It is a particularly easy tactic to take when the Poisson model is estimated as a generalized linear model. We shall describe scaling in more detail in Section 7.3.1. Nonetheless, the majority of count models require more sophisticated adjustments than simple scaling.
Again, the negative binomial is normally used to model overdispersed Pois-son data, which spawns our notion of the negative binomial as an extension of the Poisson. However, distributional problems affect both models, and nega-tive binomial models themselves may be overdispersed. Both models can be extended in similar manners to accommodate any extra correlation or disper-sion in the data that result in a violation of the distributional properties of each respective distribution (Table 3.1). The enhanced or advanced Poisson or negative binomial model can be regarded as a solution to a violation of the distributional assumptions of the primary model.
Table 3.2enumerates the types of extensions that are made to both Poisson and negative binomial regression. Thereafter, we provide a bit more detail as to the nature of the assumption being violated and how it is addressed by each type of extension. Later chapters are devoted to a more detailed examination of each of these model types.
Earlier in this chapter we described violations of Poisson and negative binomial distributions as related to excessive zero counts. Each distribution has an expected number of counts for each value of the mean parameter;
we saw how for a given mean, an excess – or deficiency – of zero counts results in overdispersion. However, it must be understood that the negative binomial has an additional ancillary or heterogeneity parameter, which, in concert with the value of the mean parameter, defines (in a probabilistic sense) specific expected values of counts. Substantial discrepancies in the number of counts, i.e. how many zeros, how many 1s, how many 2s, and so forth, observed in the data from the expected frequencies defined by the given mean and ancillary parameter (NB model), result in correlated data and hence overdispersion. The first two items in Table 3.2 directly address this problem.

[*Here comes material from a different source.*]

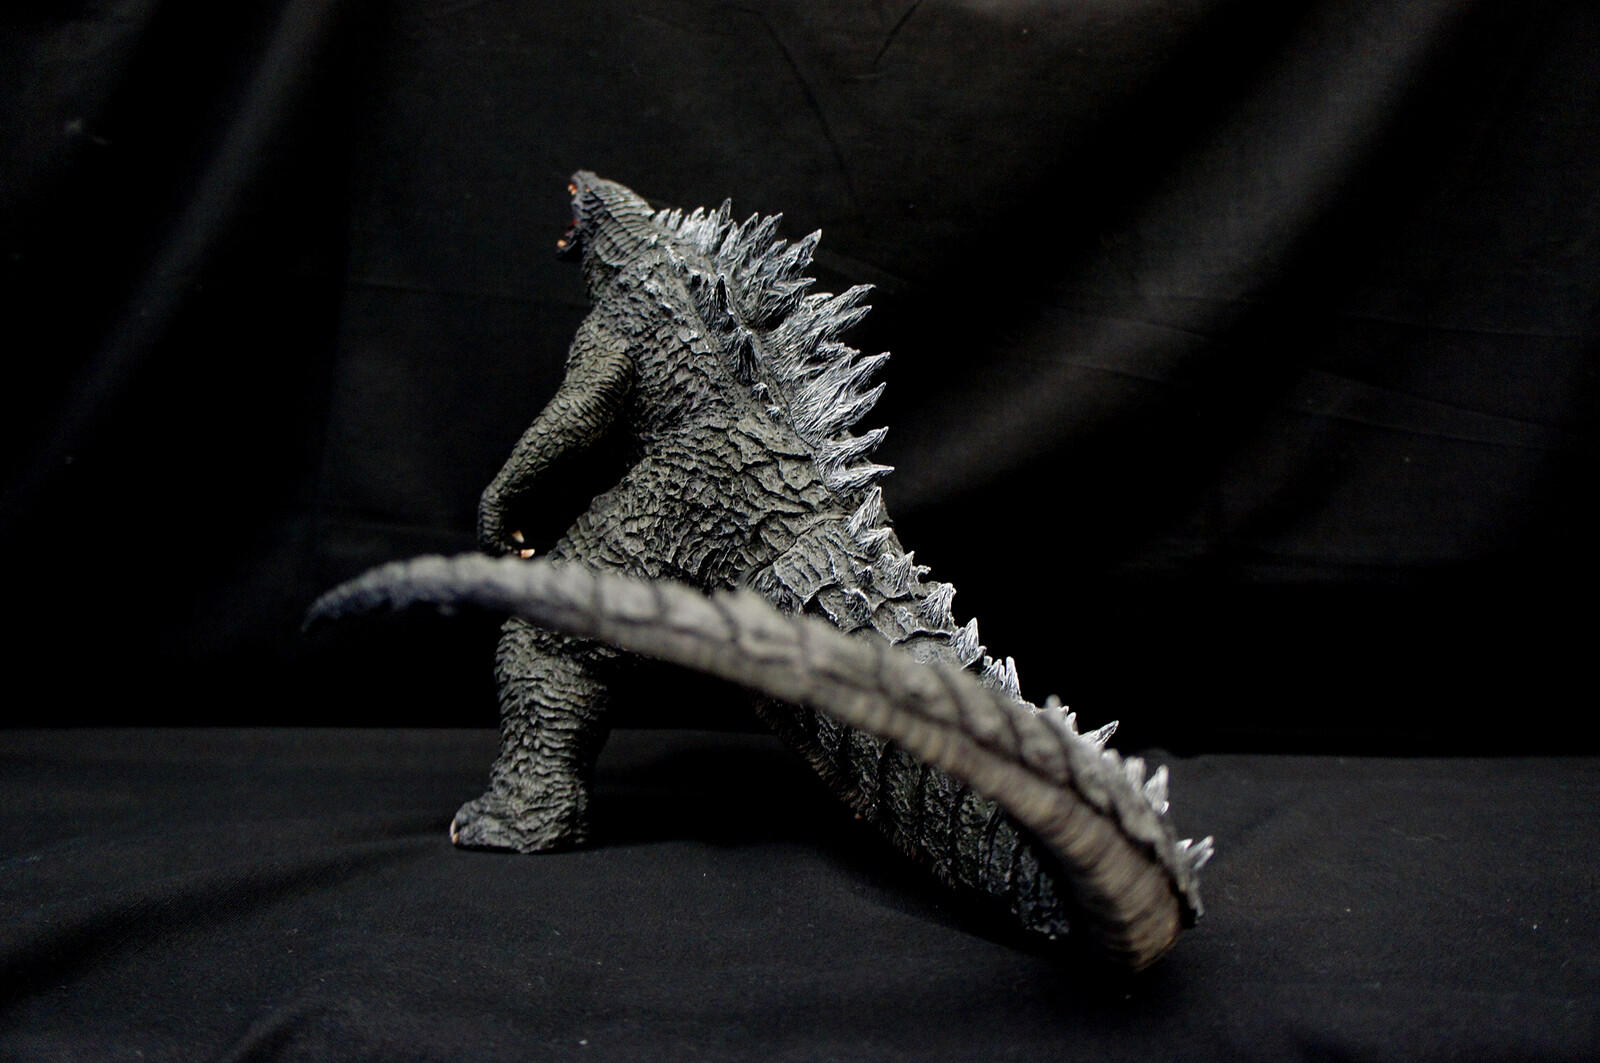 2014 Godzilla 30 cm Art Statue
https://www.solidart.club/

Table 3.2 Violations of distributional assumptions
1 No zeros in data 2 Excess zeros in data
3 Data separable into two or more distributions 4 Censored observations
5 Truncated data
6 Data structured as panels: clustered and longitudinal data
7 Some responses occur based on the value of another variable
8 Endogenous variables in model
Violation 1: The Poisson and negative binomial distributions assume that zero counts are a possibility. When the data to be modeled originate from a generating mechanism that structurally excludes zero counts, then the Poisson or negative binomial distribution must be adjusted to account for the missing zeros. Such model adjustment is not used when the data can have zero counts, but simply do not. Rather, an adjustment is made only when the data must be such that it is not possible to have zero counts. Hospital length of stay is a good example. When a patient enters the hospital, a count of 1 is given. There are no lengths of stay recorded as zero days. The possible values for data begin with a count of 1. Zero-truncated Poisson and zero-truncated negative binomial models are normally used for such situations.
Violation 2: The Poisson and negative binomial distributions define an expected number of zero counts for a given value of the mean. The greater the mean, the fewer zero counts are expected. Some data, however, come with a high percentage of zero counts – far more than are accounted for by the Poisson or negative binomial distribution. When this occurs statisticians have developed regression models called zero-inflated Poisson (ZIP) and zero-inflated negative binomial (ZINB). The data are assumed to come from a mixture of two dis-tributions where the structural zeros from a binary distribution are mixed with the non-negative integer outcomes (including zeros) from a count distribution.
Logistic or probit regression is typically used to model the structural zeros, and Poisson or negative binomial regression is used for the count outcomes. If we were to apply a count model to the data without explicitly addressing the mixture, it would be strongly affected by the presence of the excess zeros. This inflation of the probability of a zero outcome is the genesis of the zero-inflated name.
Violation 3: When the zero counts of a Poisson or negative binomial model do not appear to be generated from their respective distributions, one may separate the model into two parts, somewhat like the ZIP and ZINB models above. However, in the case of hurdle models, the assumption is that a threshold must be crossed from zero counts to actually entering the counting process. For example, when modeling insurance claims, clients may have a year without claims – zero counts. But when one or more accidents occur, counts of claims follow a count distribution (e.g. Poisson or negative binomial). The logic of the severability in hurdle models differs from that of zero-inflated models. Hurdle models are sometimes called zero-altered models, giving us model acronyms of ZAP and ZANB.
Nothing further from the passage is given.